En juin 1915, le gouvernement commença à utiliser les chemins de fer pour accélérer la déportation et l'extermination. Des wagons de marchandises ont été utilisés pour transporter des milliers de personnes dans des zones reculées où ils ont été laissés à mourir de faim alors qu'ils étaient assaillis par les ravages de la nature et de la malice humaine. Beaucoup ont été assassinés carrément. Les déportés arméniens ont été parmi les premiers hommes et femmes du XXe siècle à apprendre que les droits de l'homme sont inséparables du statut politique . Ayant été privés par le gouvernement ottoman de tout statut politique, sauf celui de hors-la-loi, il n'y avait pas d'abus qui ne pouvait leur être infligé impunément.

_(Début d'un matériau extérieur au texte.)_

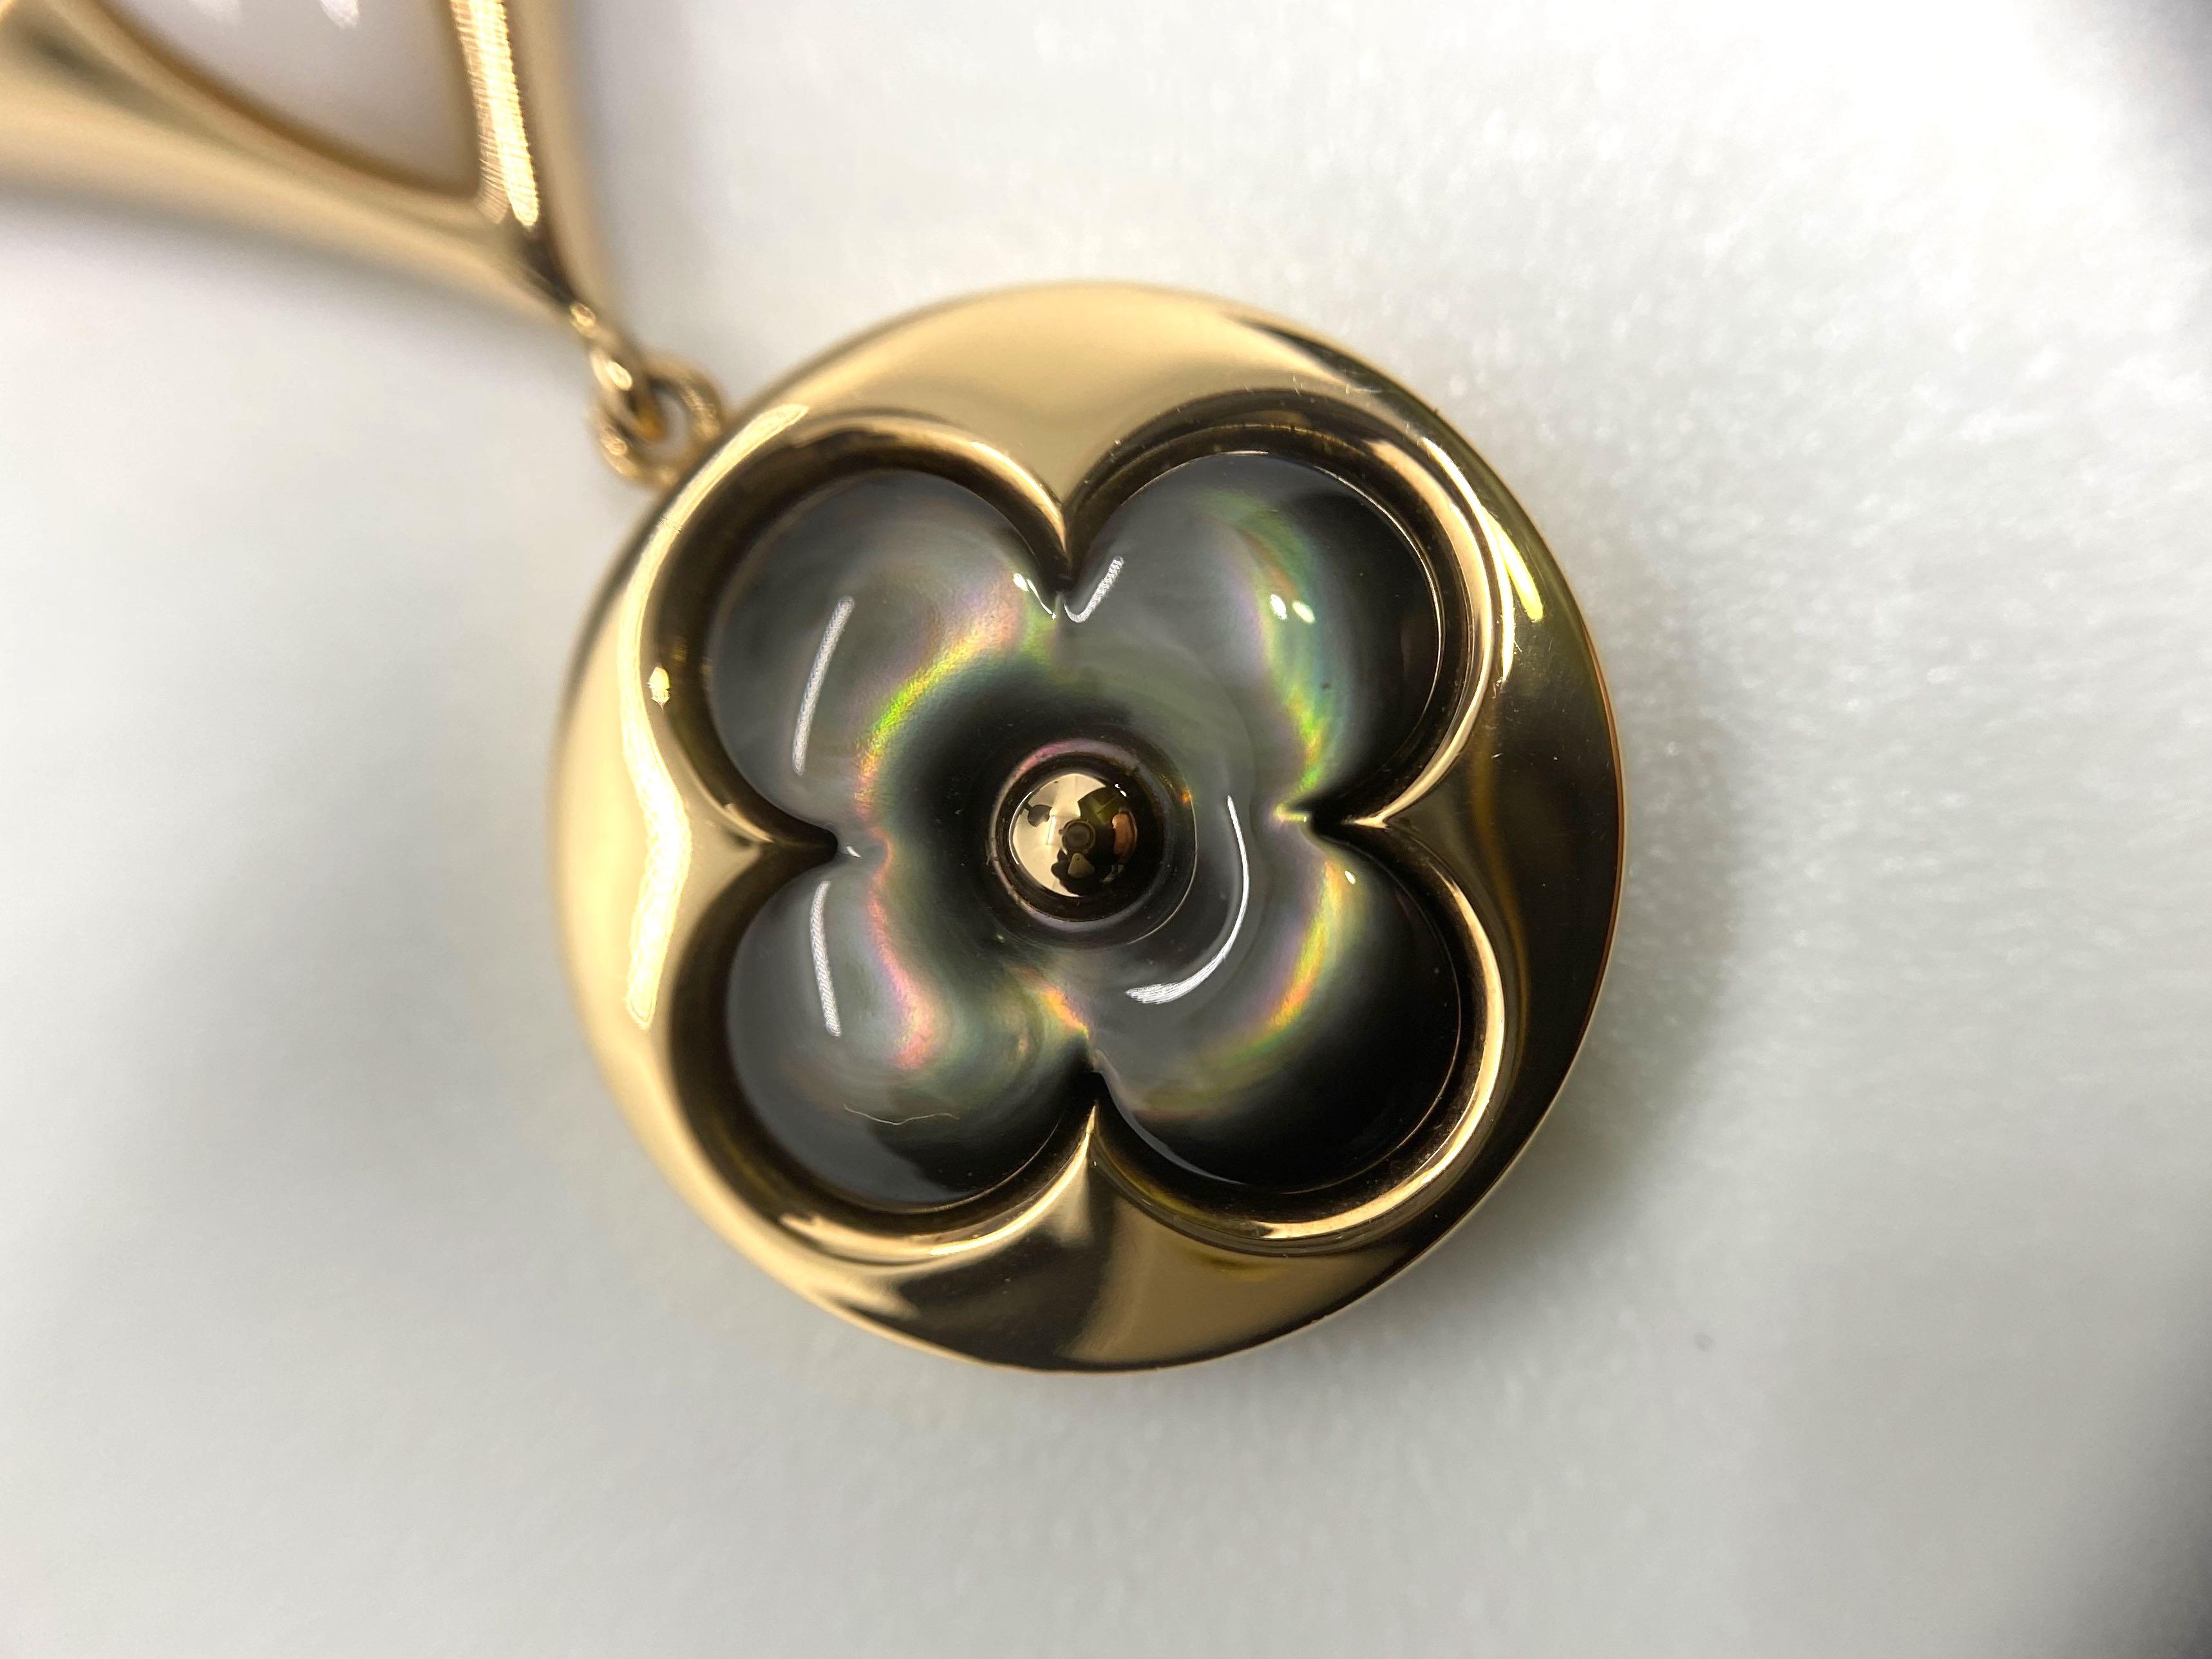 Louis Vuitton Color Blossom Lariat Pendant Necklace 18K Rose Gold

Le projet d'extermination était complètement moderne dans l'esprit et la mise en ?uvre de ses étapes initiales de planification à son exécution. 37 extermination de masse a été préconisée dans les séances de planification que la réponse « scientifique » appropriée à la lutte universelle des races pour la survie. 38 Comme les autres élites modernisatrices de l'époque, les Jeunes Turcs, formés en grande partie en Europe, ont interprété les relations entre les races et les nations en termes darwinistes sociaux. Surtout, les Jeunes Turcs avaient un réseau bureaucratique fiable et centralisé. Taalat Bey, l'un des triumvirs au pouvoir et ministre de l'Intérieur, n'a pas confié cette mission à des bureaucrates provinciaux démodés mais a envoyé des bureaucrates juvéniles pour agir en tant que représentants personnels et, le cas échéant, pour punir les gouverneurs et les gouverneurs locaux. de compassion ou de cupidité, a échoué à exécuter des ordres. Il y avait une organisation spéciale chargée d'organiser les massacres. Au niveau local, une grande partie du massacre a été perpétré par des escadrons de la mort qui ont reçu le nom de «bataillons de bouchers» 39.

Taalat Bey a précisé les objectifs de son gouvernement dans un télégramme adressé au bureau de la police à Alep, en Syrie, daté du 15 septembre 1915:

Il a été rapporté que, par ordre du Comité [de l'Union et du Progrès], le gouvernement a décidé d'exterminer complètement les Arméniens vivant en Turquie. Ceux qui refusent d'obéir à cet ordre ne peuvent être considérés comme des amis du gouvernement. Indépendamment des femmes, des enfants ou des invalides, et aussi déplorables que puissent paraître les méthodes de destruction, il faut mettre fin à leur existence [c'est-à-dire les Arméniens] sans tenir compte du sentiment ou de la conscience.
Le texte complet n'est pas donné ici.